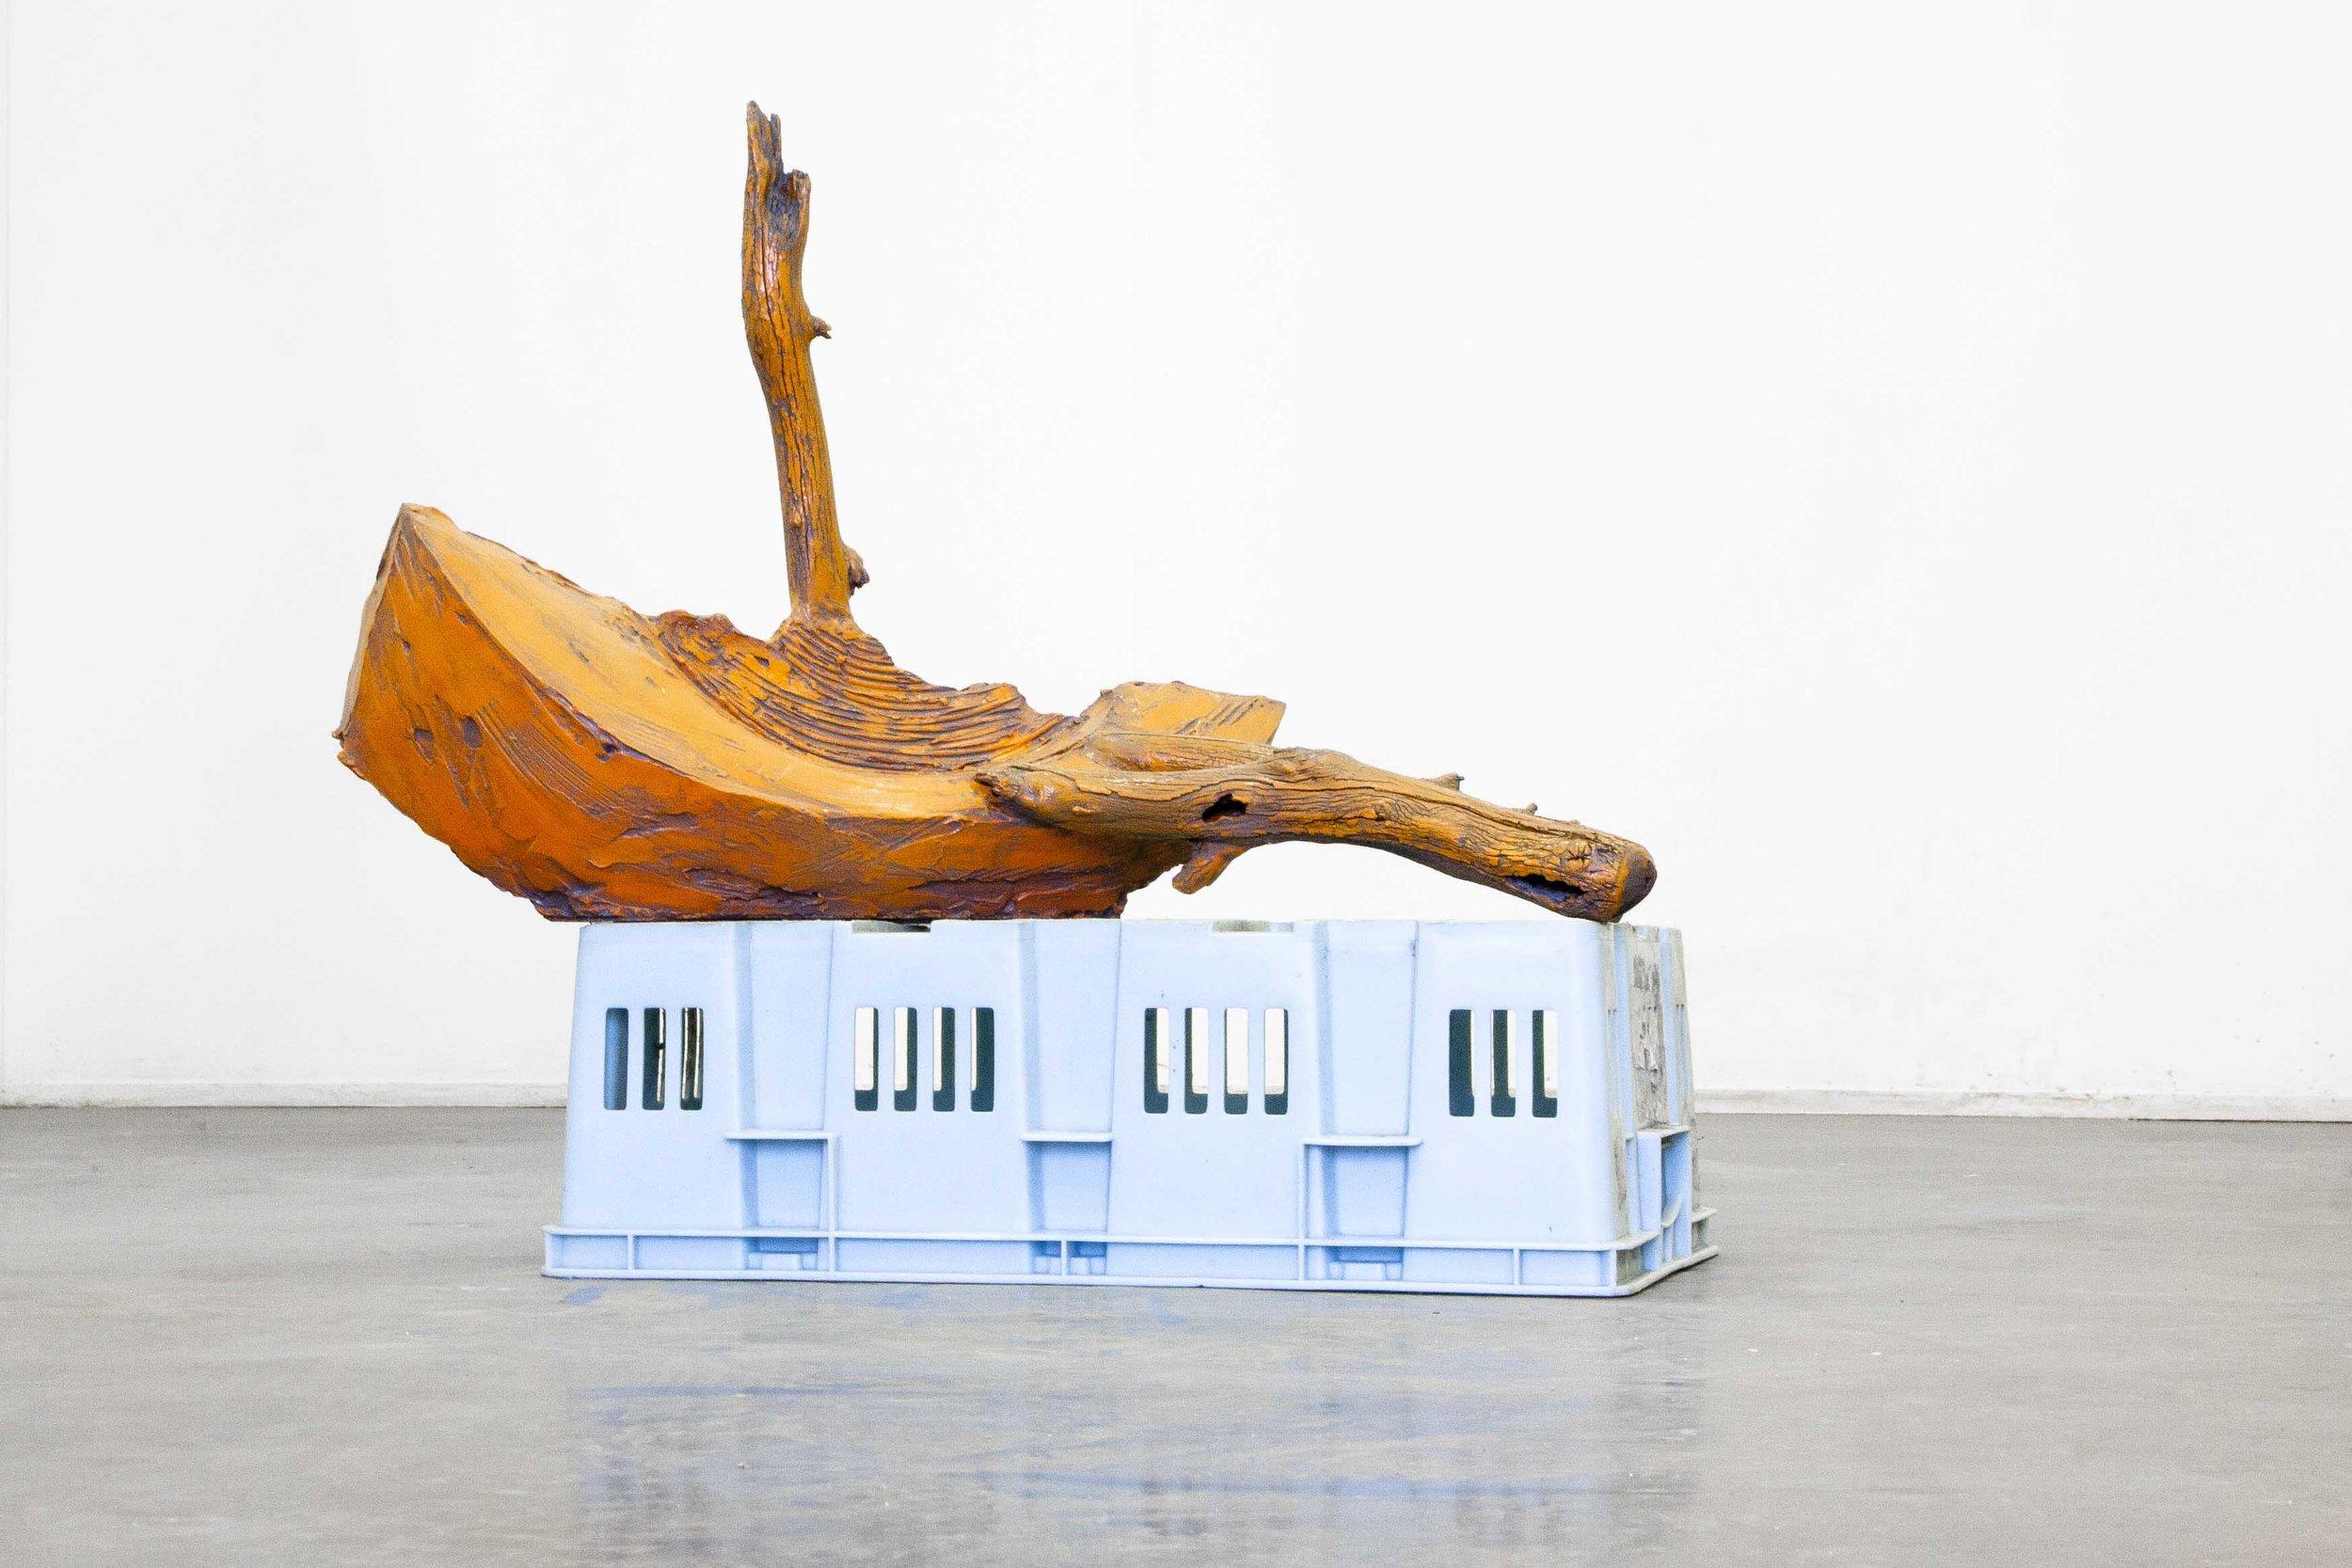 Alex Lyne, voyage,2016, plaster, wood, plastic and automotive paint,64 x 70 x 40cm
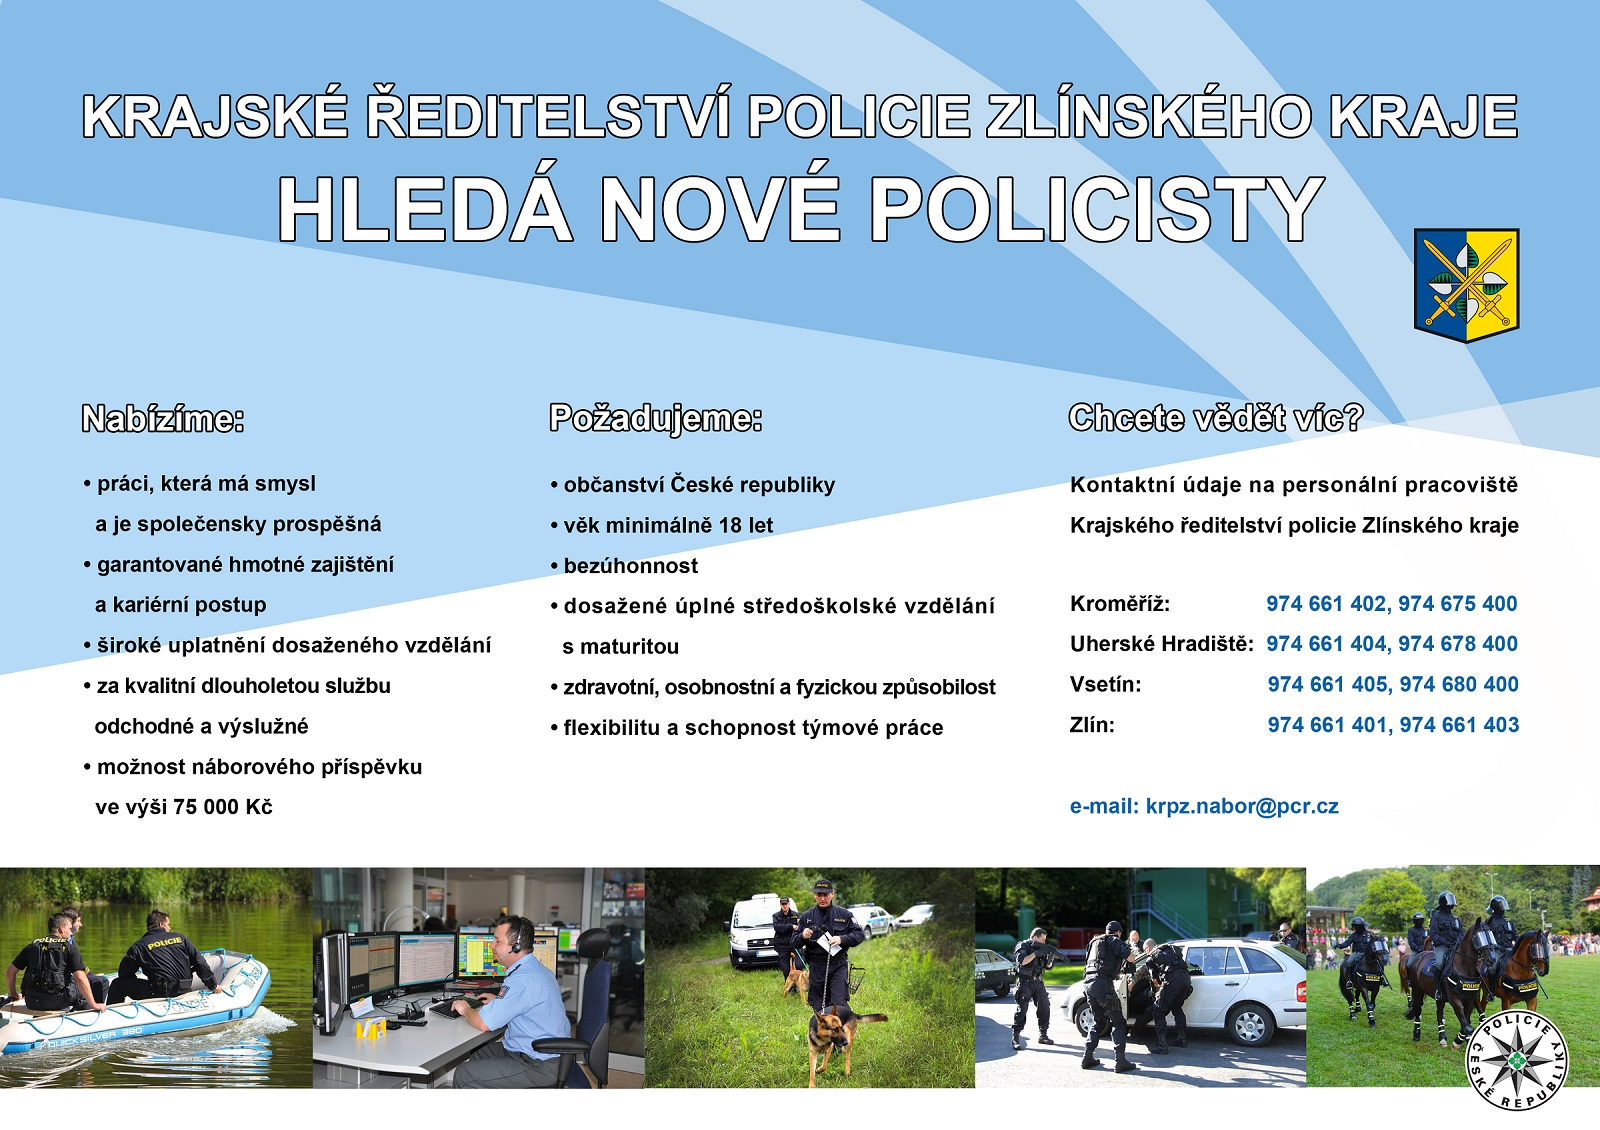 Krajské ředitelství policie Zlínského kraje hledá nové policisty
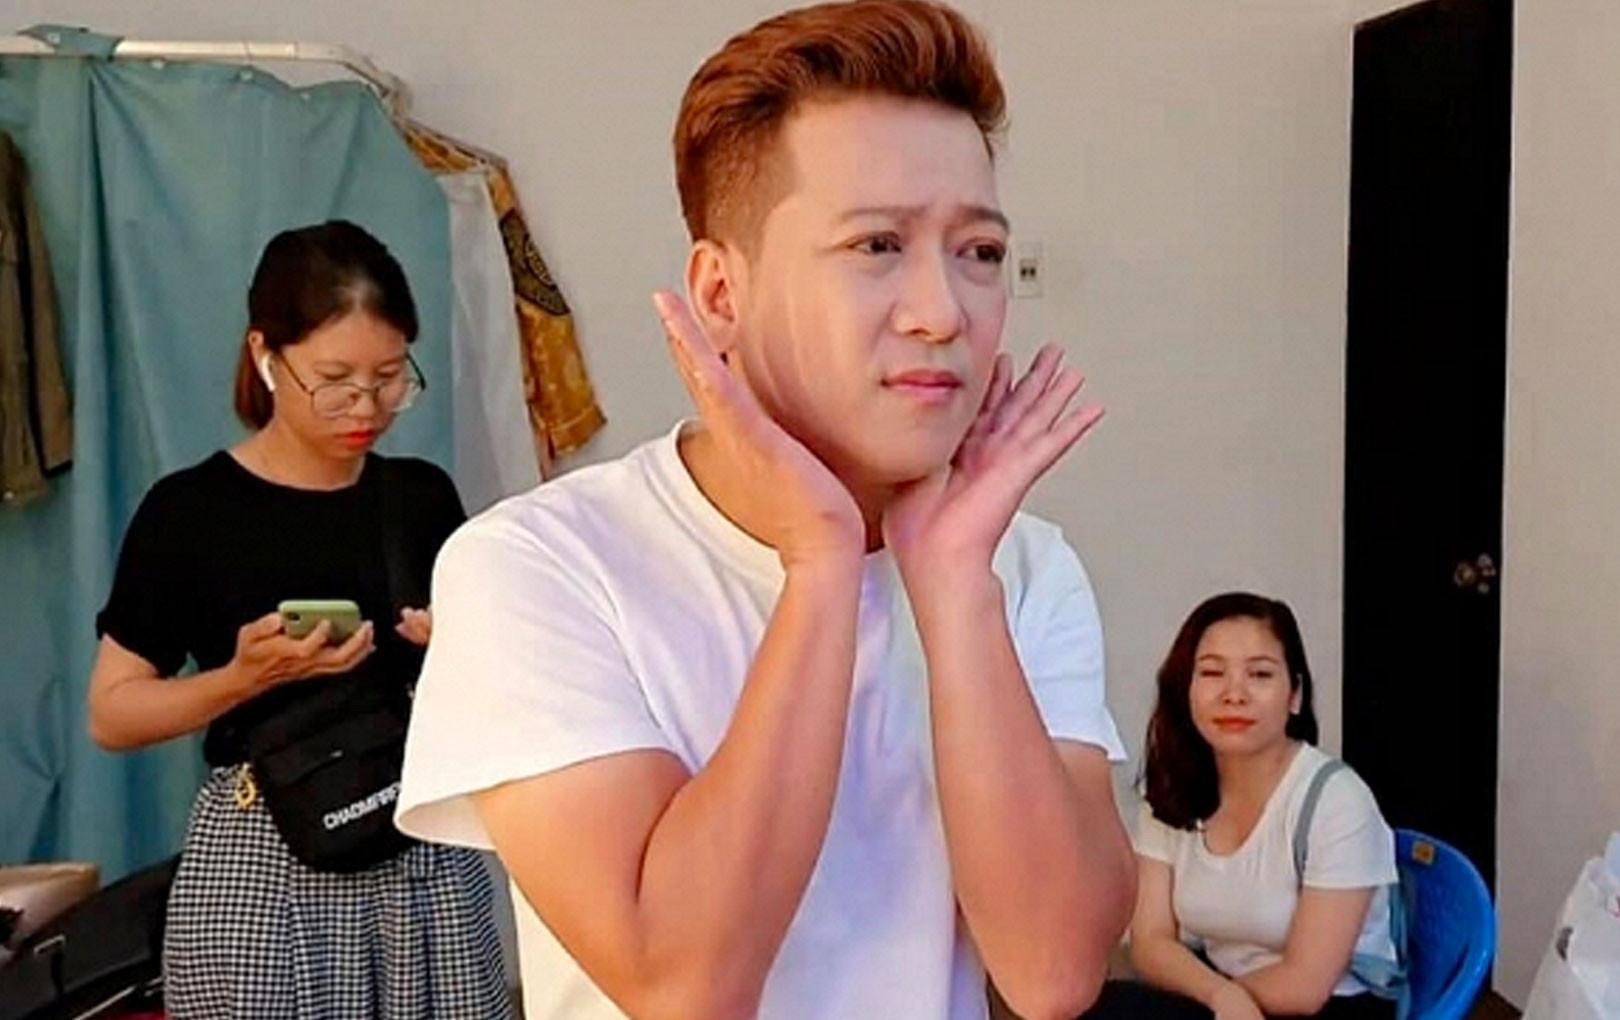 """Để xứng đôi vợ trẻ, Trường Giang bất ngờ thay đổi điểm này trông cực điển trai khiến fan phải """"dụi mắt"""" liên tục vì xuýt không nhận ra"""

- **To do**
Transcribe only the lines from the one holding "Krajské ředitelství policie" through the last line of the listing above, inclusive, and do not include the pictures.

- **Expected answer**
 Krajské ředitelství policie Zlínského kraje hledá nové policisty
 """Để xứng đôi vợ trẻ, Trường Giang bất ngờ thay đổi điểm này trông cực điển trai khiến fan phải """"dụi mắt"""" liên tục vì xuýt không nhận ra"""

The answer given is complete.